Smart contract-based public integrity auditing for cloud storage against malicious auditors

Abstract

Cloud storage, a vital component of cloud computing, faces significant challenges in ensuring data integrity, which hinders its widespread adoption. Public auditing models, which rely on third-party auditors (TPAs), have been developed to address these issues by offloading computation from users. However, maintaining the consistent trustworthiness of TPAs remains a major challenge, especially in preventing dishonest behaviors, such as collusion, procrastination, and forgery. In this paper, we propose a novel smart contract-based public integrity auditing scheme for cloud storage, introducing a transparent, non-black-box auditing process.

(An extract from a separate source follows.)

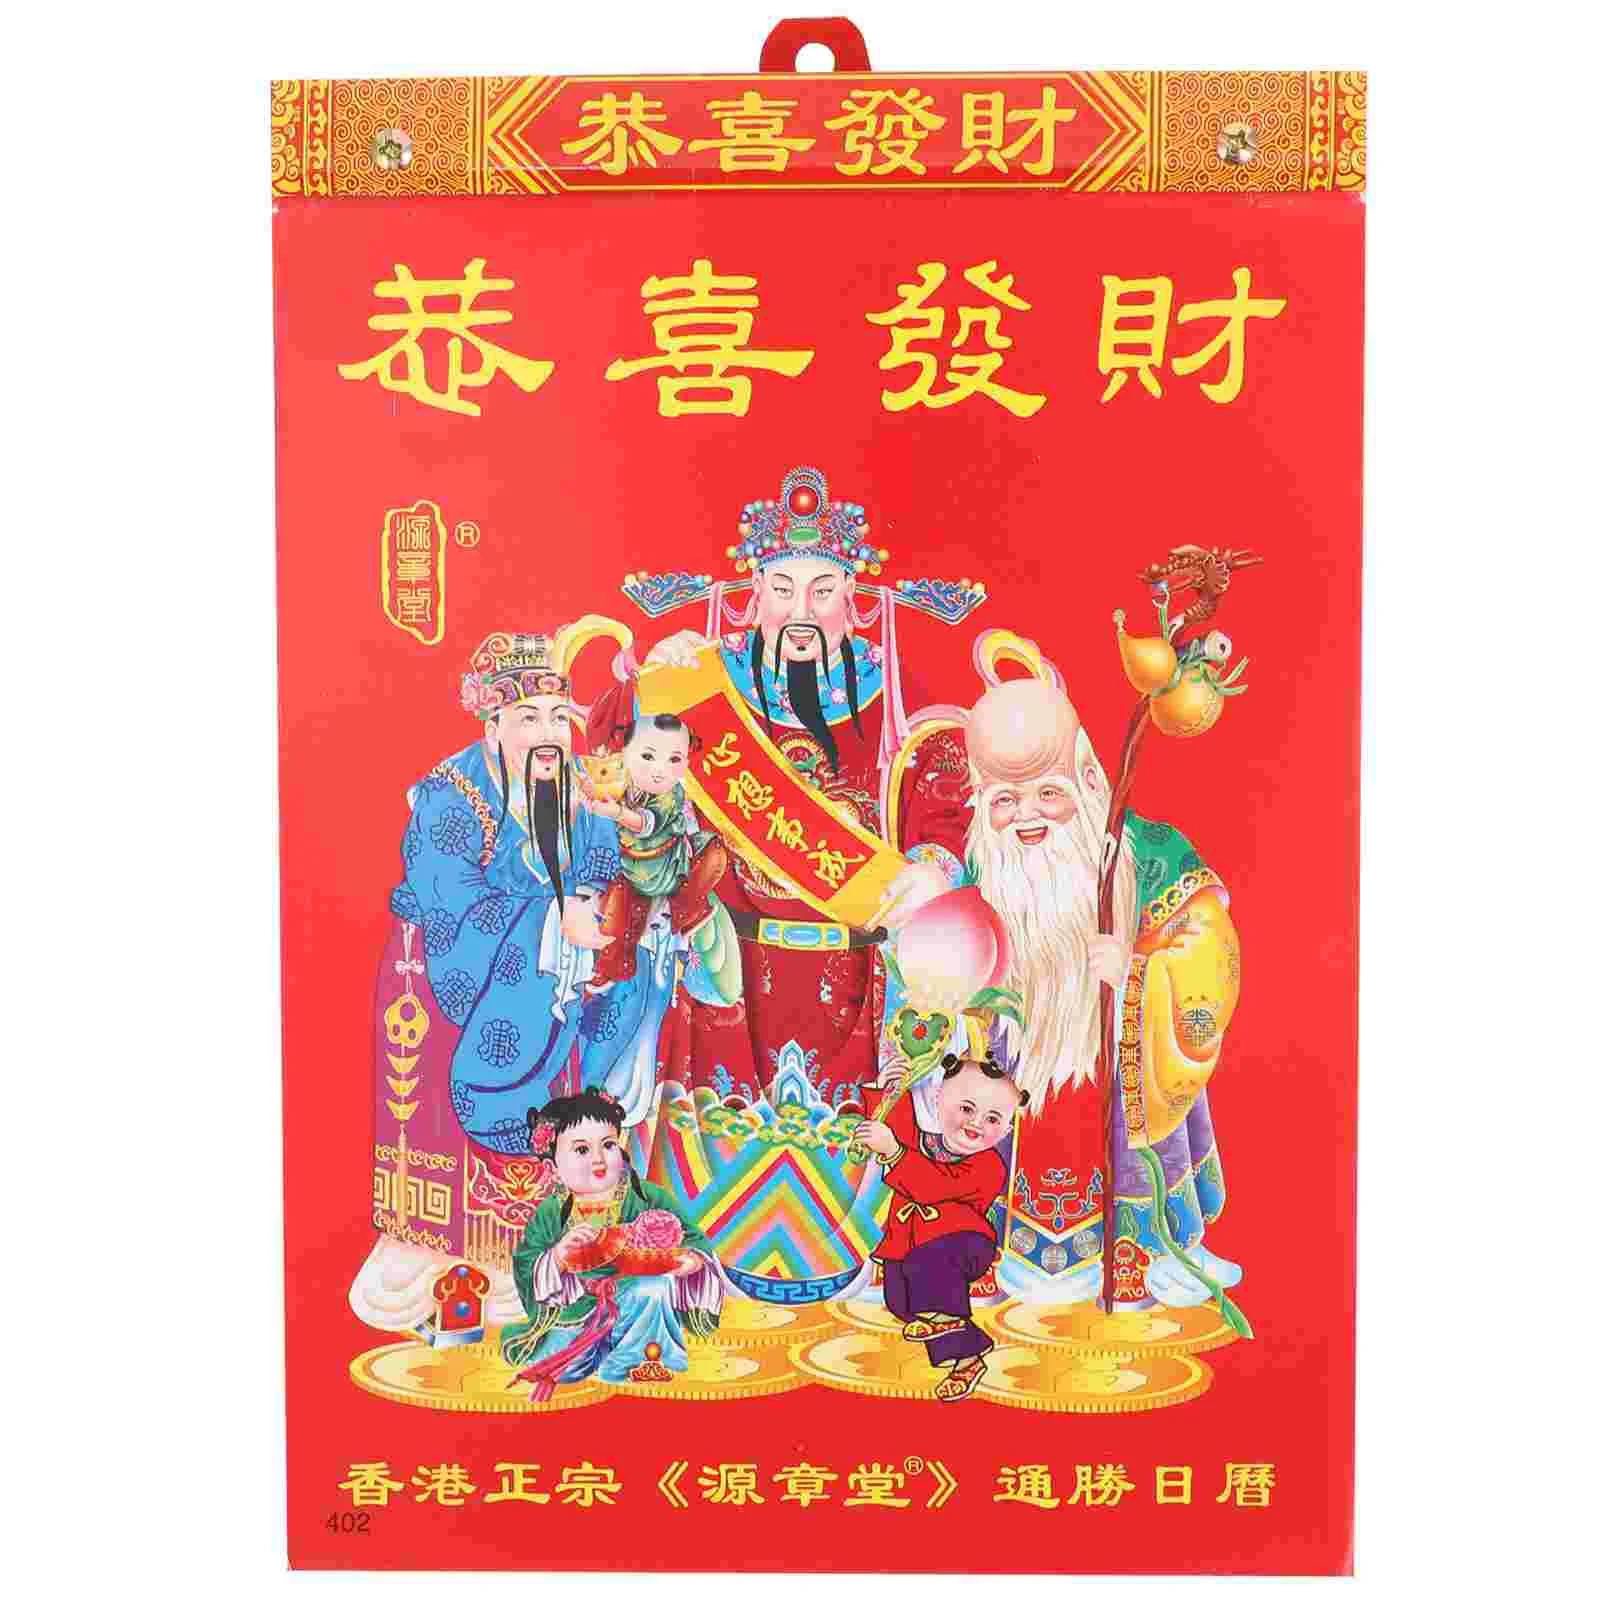 

Wall Calendar Traditional Calendar Tearable Chinese Lunar Calendar Year Of Dragon Calendars Home Office Supplies
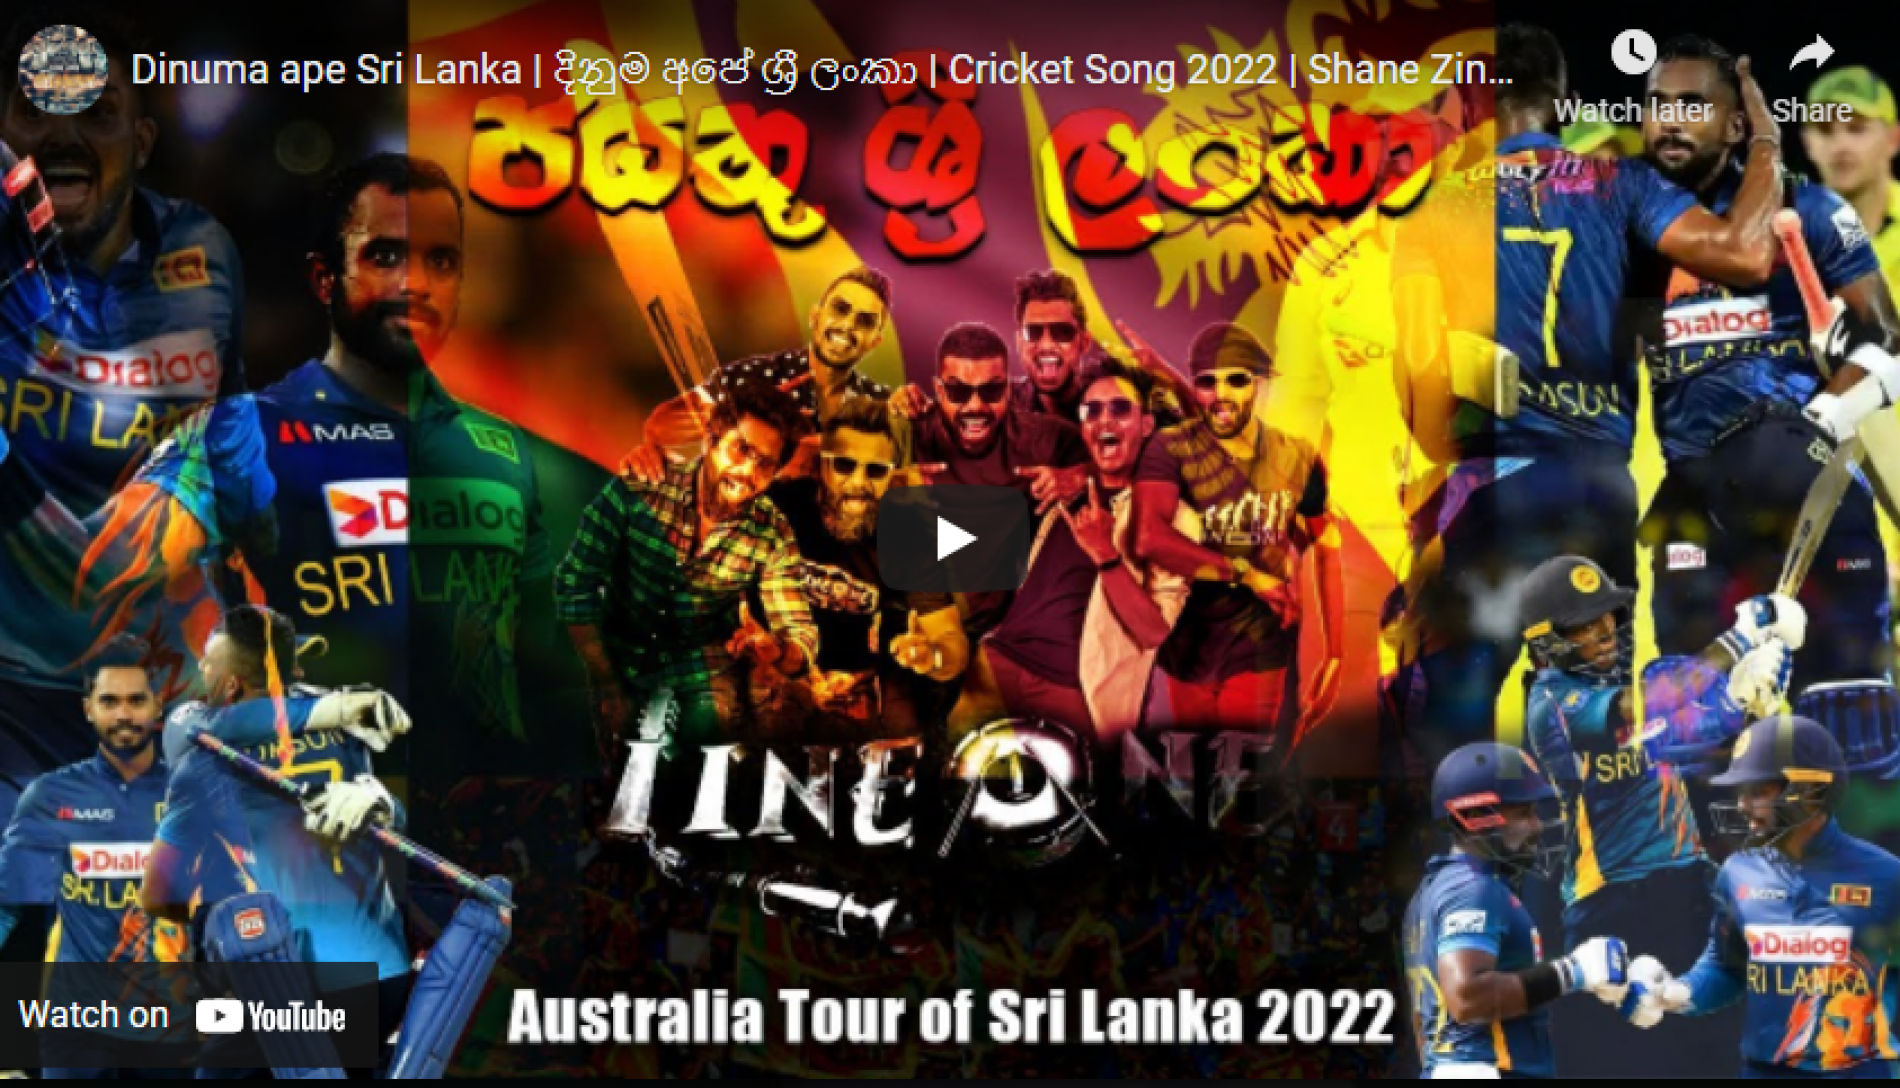 New Music : Dinuma Ape Sri Lanka | දිනුම අපේ ශ්‍රී ලංකා | Cricket Song 2022 | Shane Zing with LineOne Band

This scheme adopts certificateless authentication, significantly reducing the overhead associated with traditional key management and certificate handling. To mitigate TPA dishonesty, we introduce a blockchain-based challenge generation algorithm and an auditing process preservation mechanism. The challenge algorithm ensures fair random sampling by leveraging blockchain’s immutability, reducing the risk of collusion between TPAs and cloud service providers (CSPs). The auditing process preservation mechanism prevents procrastination by recording task completion times and preserving metadata, ensuring full traceability and accountability. We also present a post-auditing validation mechanism that enhances the verifiability of auditing results, comprising two components: auditing computation proof, which verifies the correctness of computationally intensive steps, and auditing process replay, which replays the entire auditing using preserved metadata. Finally, we formally prove the security of our scheme and conduct a comprehensive performance comparison with existing solutions. The results demonstrate that our approach offers strong security, reduces computational overhead, and maintains comparable communication overhead to other schemes.